There’s no denying the virility and brutal performance of these testosterone-gorged monsters but it is nice to take a wistful look back at the car’s progenitors.
To go back to the very beginning – you have the Tojeiro Barchetta, designed by John Tojeiro and borrowing many styling queues from the Ferrari Barchetta. It was a really nice surprise to come across one of these extremely rare cars at Silverstone Classic and to have the opportunity to study it close-up.

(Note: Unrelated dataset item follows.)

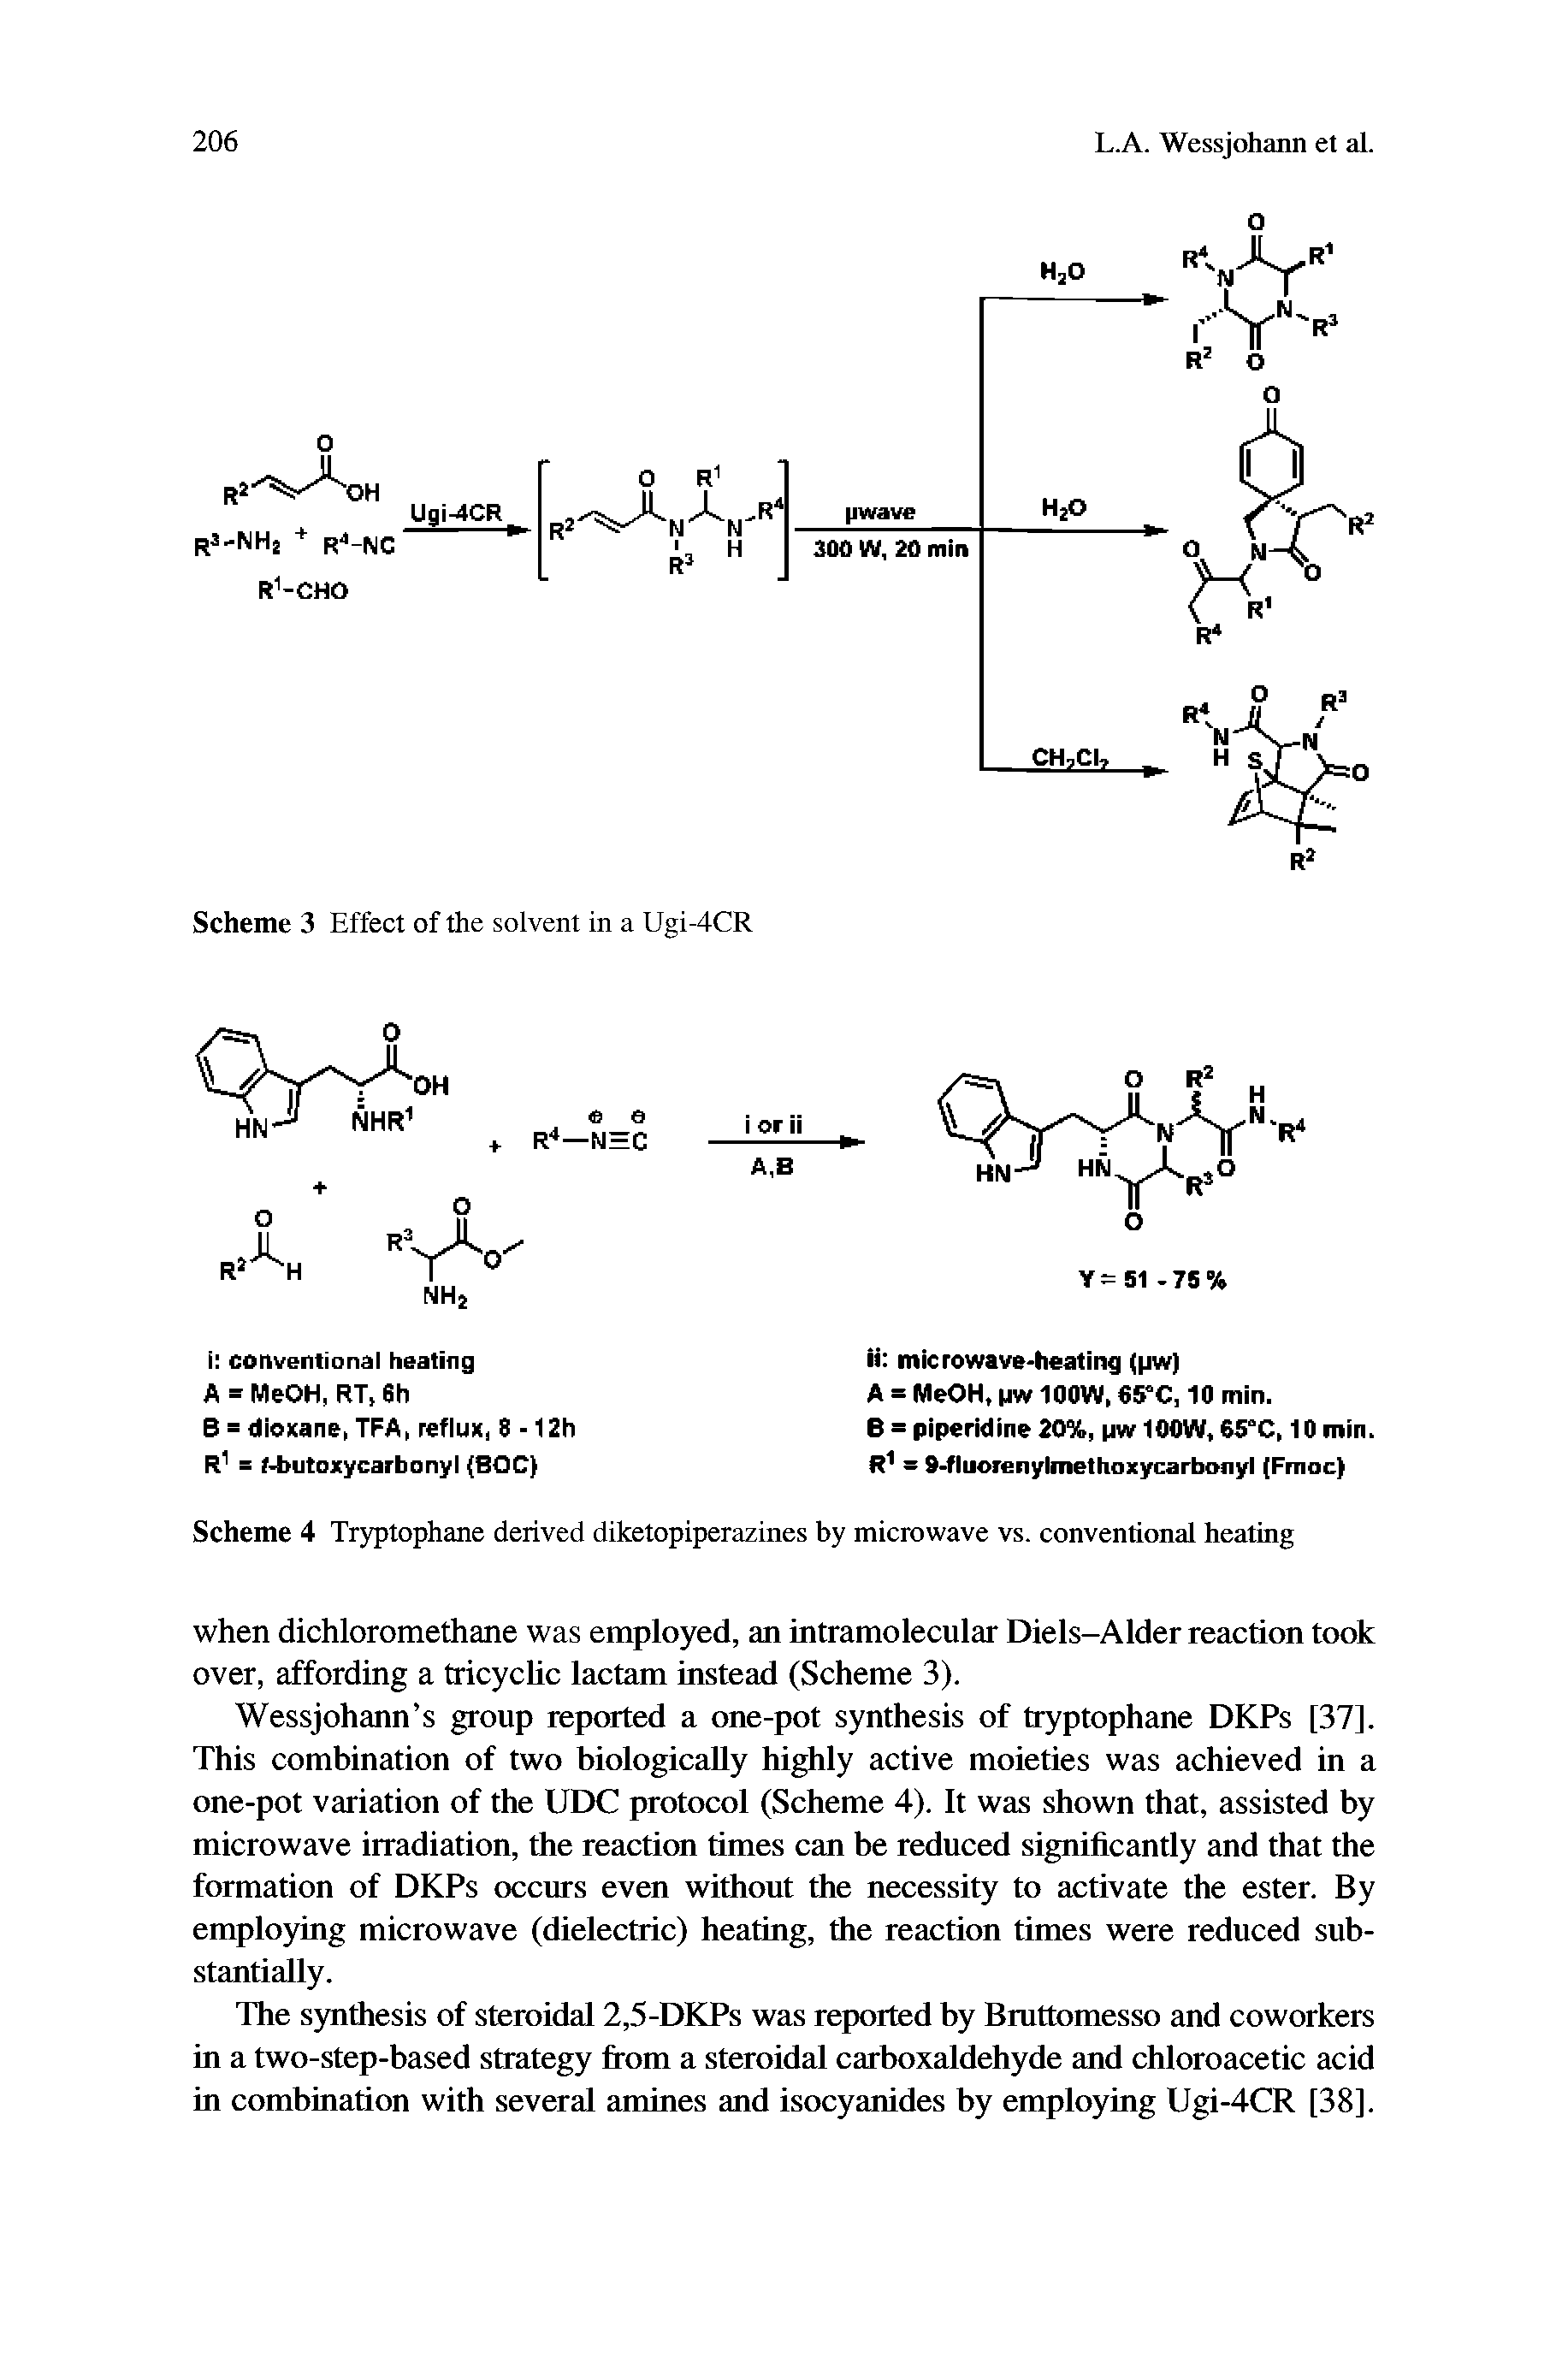 Scheme 4 Tryptophane derived diketopiperazines by microwave vs. conventional heating...

With some bodywork and mechanical modifications, this car was adopted by the Hurclock family to become the AC Ace which was launched in 1953 and remained in production until 1963. The Ace, was powered one of three straight six engines available to AC at the time. These ranged from AC’s own but rather aged 2 Litre engine, through the BMW 328 derived 2 Litre to the Ken Rudd (Ruddspeed) tuned Ford 2.6 Litre.

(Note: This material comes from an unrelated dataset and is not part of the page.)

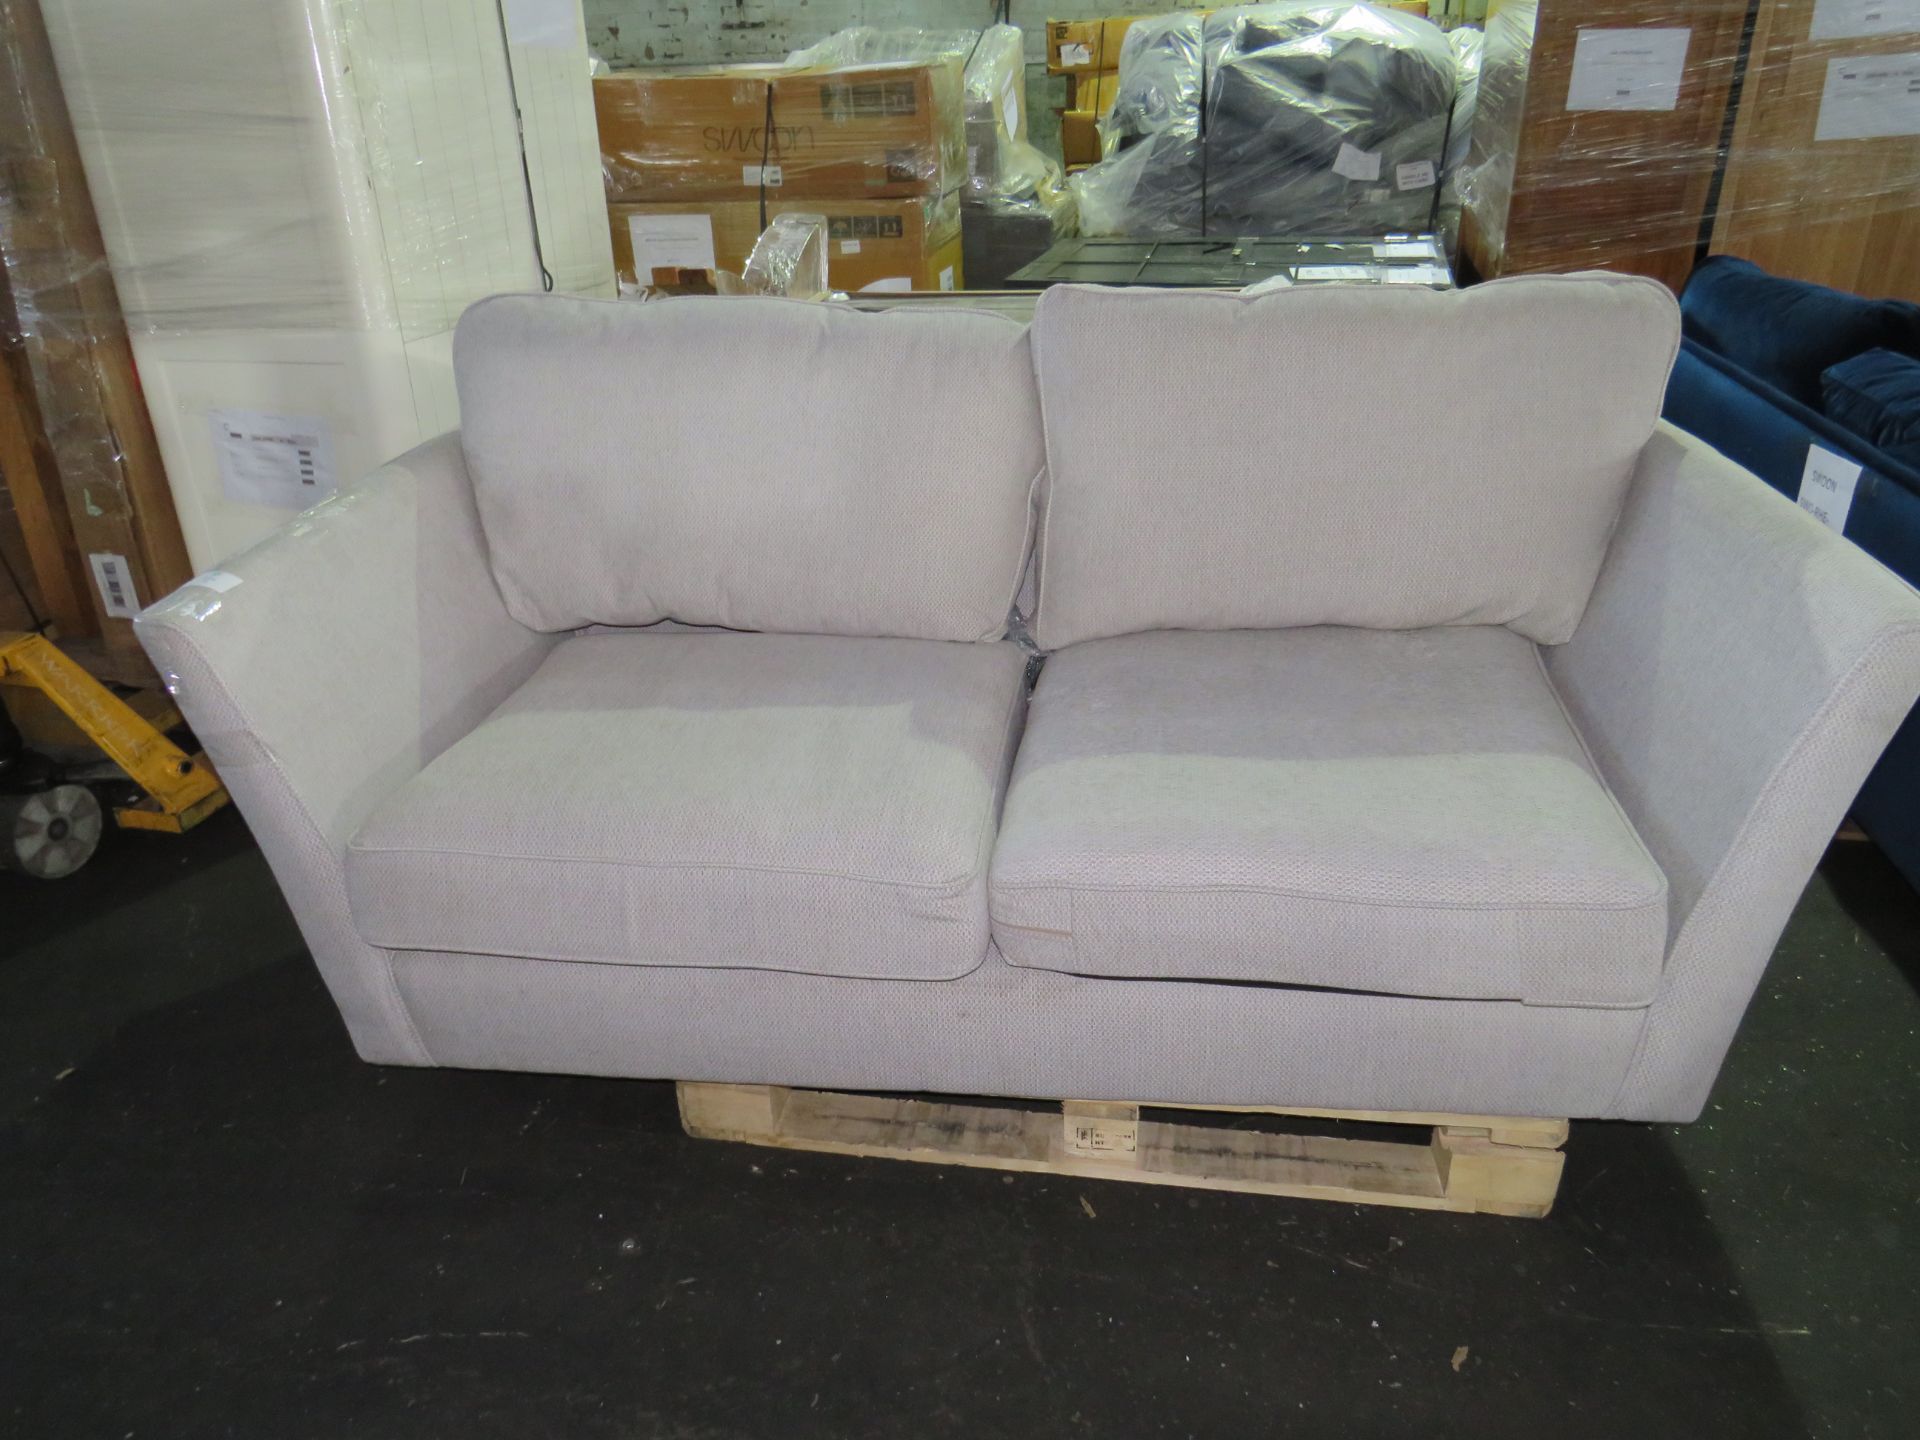 Oak Furnitureland Gainsborough 3 Seater Sofa in Minerva Silver with Slate Scatters RRP ?1149.99 - Image 2 of 3

It was the Ace into which Carroll Shelby later shoe-horned a 4.7 Litre Ford V8 engine and onto which he grafted increasingly bulbous wheel arches filled with big, fat Hallibrand knock-on wheels and tyres.
There was a degree of onward development of the Cobra to deliver even more potent race performance through fitting bigger (7 Litre V8) engine and improved suspension but perhaps the most radical development was of a much more aerodynamically efficient closed coupe who’s bodywork was far removed from the Ace and Cobra. This radically different car was developed to more effectively compete at high speed circuits against Ferrari 250 GTOs and other rapid GT race cars.

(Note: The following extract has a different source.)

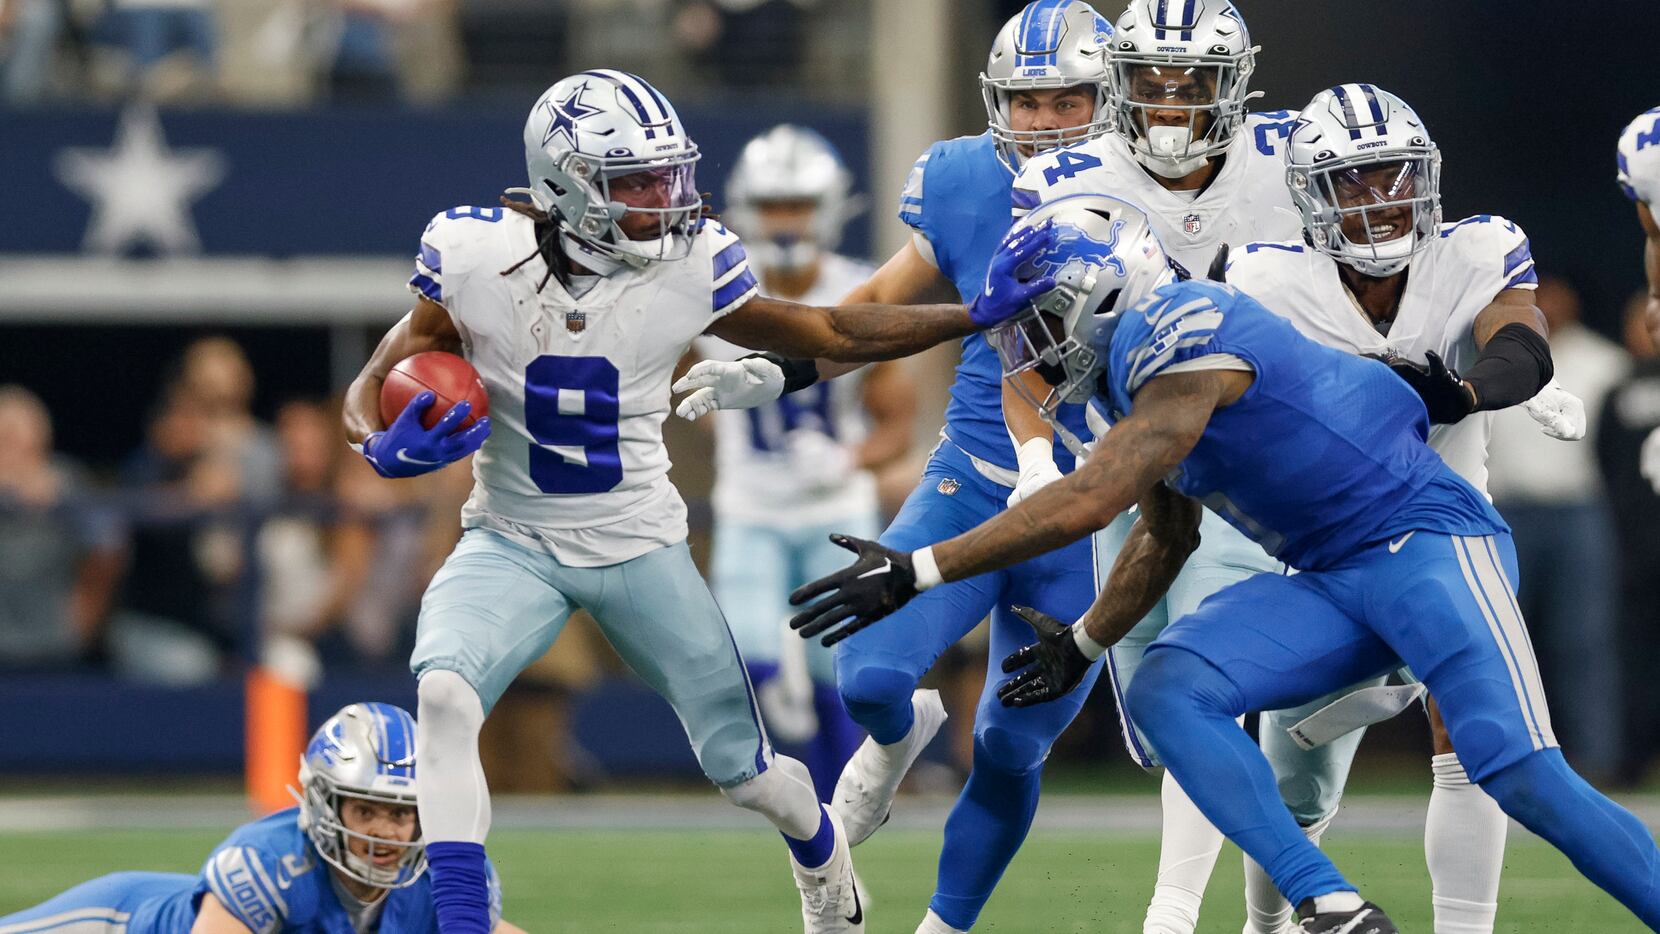 After another 'crazy' return, will Cowboys increase KaVontae

Peter Brock was tasked by Shelby to design the bodywork of the Daytona Cobra Coupe and Bob Negstad was asked to bring his experience on the GT40 and coil-spring Cobra to bear on the suspension. In the end, just six cars were built, the first at Shelby HQ in Venice, California and the remaining five were constructed by Carrozzeria Gransport in Modena, Italy.
During the 1964 and 1965 racing seasons the Daytona Coupe achieved no less than nine GT class wins at a range classic circuits across the USA and in Europe.
Alfa’s of any age are interesting and invariably stylish motors but pre-war Alfa’s are in a league all of their own. Their style and sophistication was recognised and acknowledged by the motoring cognoscenti of the time and this was underpinned by phenomenal success in road and on track races.
The interior of this 8C Monza is really interesting and surprisingly modern in its layout. It has a wonderful array of gauges to keep the driver fully informed and aware of all of the engine’s vital signs and some indication of vehicle velocity. Most prominent of all however is the massively oversized rev-counter mounted on the steering column just behind the steering wheel leaving no doubt about the racing intent of this car.
Whilst we might take the centrally placed gear change and handbrake for granted, many contemporary cars of the period such as Bugatti and Bentley still had the more primitive arrangement of gear and handbrake levers outside of the cockpit, fixed to the side of the car.
The 8C dominated the most prominent races during the early ’30’s including the Mille Miglia, Le Mans and the Targa Florio. The fabulous straight-8 engine powering the 8C was a product of the engineering brilliance of Vittorio Jano.
By the mid to late ’30’s however, Alfa’s period of racing dominance started to wane with the rise to prominence of Germany’s Silver Arrows.
Sydney Allard founded his eponymous company in 1946 in Clapham, South London. Allard pioneered the use of large capacity American V8 engines in customer made lightweight body/chassis units. Many cars were raced and rallied with considerable success and two notable Allard drivers of the period were Carroll Shelby (of Cobra and Mustang fame) and Zora Arkus Duntov (creator of the Corvette Stingray).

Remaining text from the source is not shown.